Limits and dangers of ketamine

While the effect of ketamine may seem miraculous, it's essential to remember that it remains transitory and does not correct the underlying causes of depression. The molecule acts like a switch, cutting off the excitatory crisis and momentarily restoring energy to the brain. But as soon as its action disappears, the metabolic terrain that led to depression remains unchanged. This is why symptoms often return after a few days or weeks, sometimes more intensely than before (which is also the case with SSRIs).

What's more, ketamine carries considerable risks, especially with repeated or long-term use. Psychologically, it can provoke episodes of dissociation, confusion and even depersonalization. Some patients experience profound emotional relief, but also a feeling of strangeness or detachment that can be disturbing.

With regular administration, there is also progressive tolerance, requiring higher doses to achieve the same effect, as well as psychological dependence, with the patient fearing the sudden return of symptoms.

On the physical side, urinary and bladder damage have been widely documented in chronic recreational ketamine users (Mason et al., 2010).
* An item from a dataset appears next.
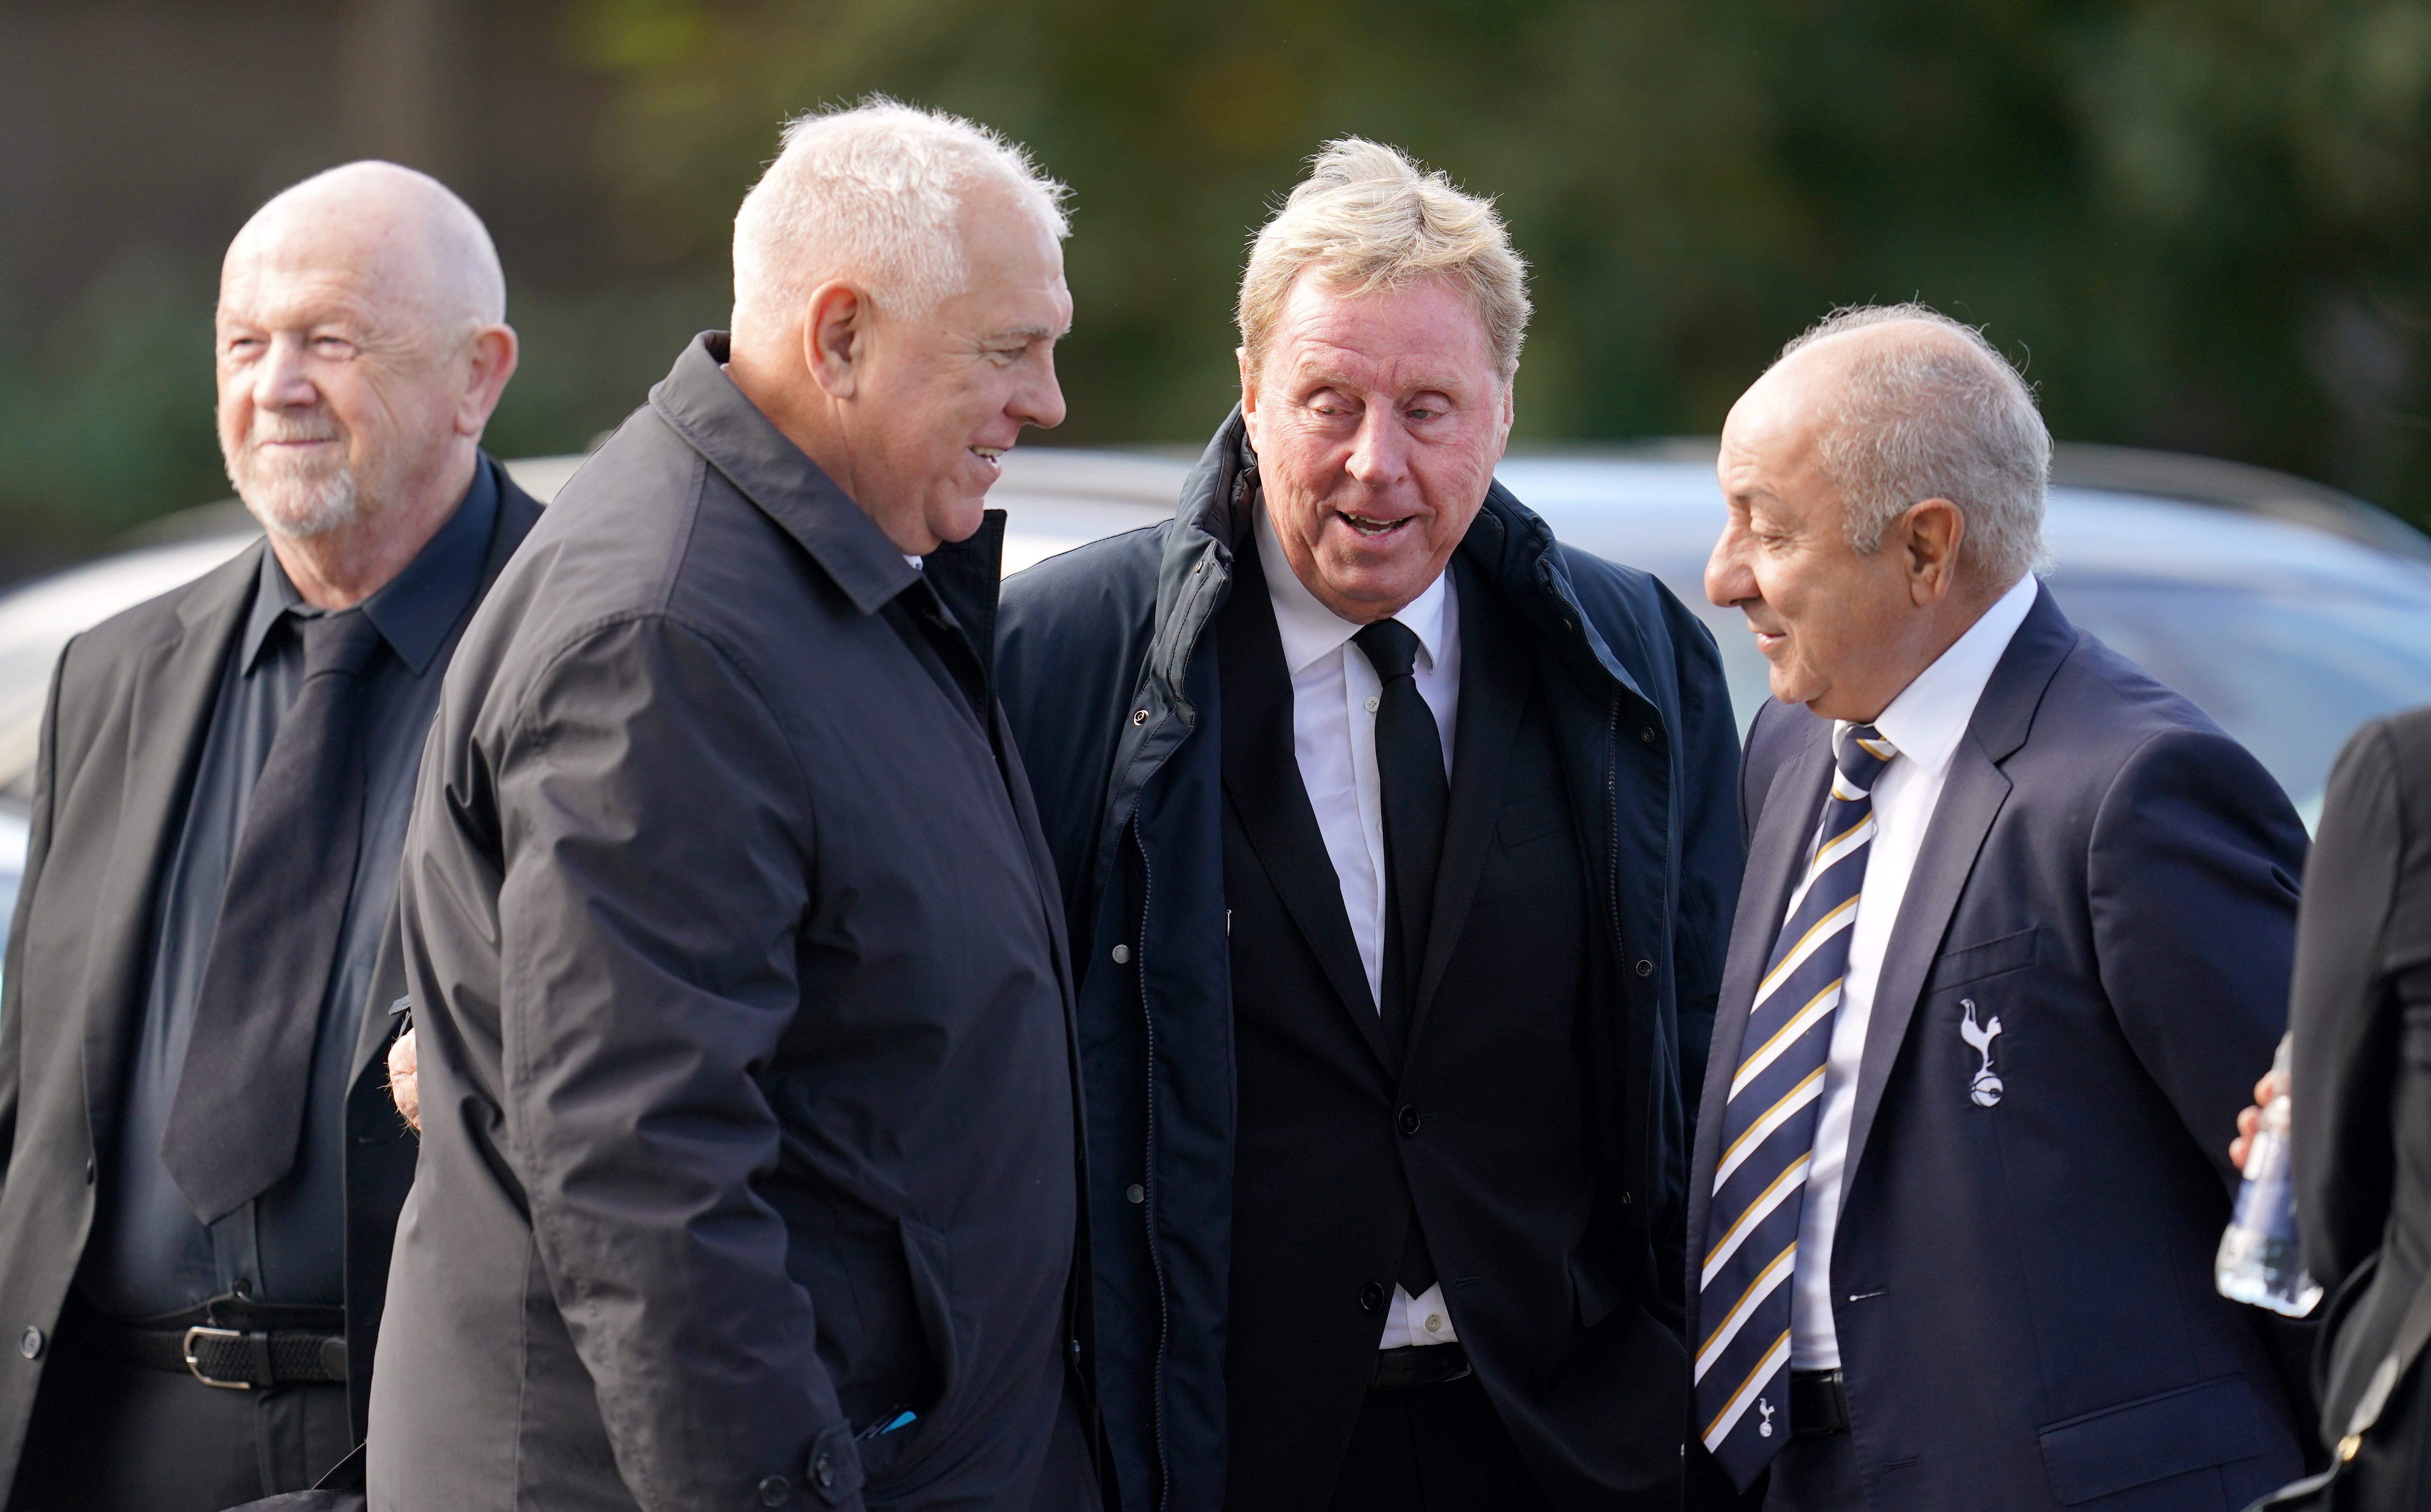 Former Tottenham manager Harry Redknapp (centre) with former Tottenham players Graham Roberts (second left) and Ossie Ardiles (right) (Nick Potts/PA)

Finally, some research suggests that long-term, high-dose ketamine may also affect memory and cognitive function.

These side effects show that ketamine cannot be a single or permanent solution. It needs to be seen as a punctual tool, integrated into a comprehensive treatment program aimed at restoring cellular respiration, reducing oxidative stress, correcting nutritional deficiencies and re-establishing hormonal balance. Without this in-depth approach, it runs the risk of becoming a mere chemical crutch, without ever offering a lasting cure.

Conclusion

Ketamine turns our understanding of depression on its head. By acting quickly and powerfully, it demonstrates that depressive states are not fixed and can be reversed in a matter of hours. But it only lifts the veil temporarily: as soon as its action wears off, the brain slips back into the same energy blockage that plunged it into suffering in the first place.

Rather than seeing depression as a chemical imbalance to be corrected by a molecule, it becomes essential to see it as an energetic crisis of the brain. True healing will come not from a punctual blockage of receptors, but from a lasting restoration of mitochondria, cellular respiration and energy production mechanisms.

The challenge now is to transform this temporary respite into lasting change, by tackling the root causes that stifle the mind long before symptoms appear.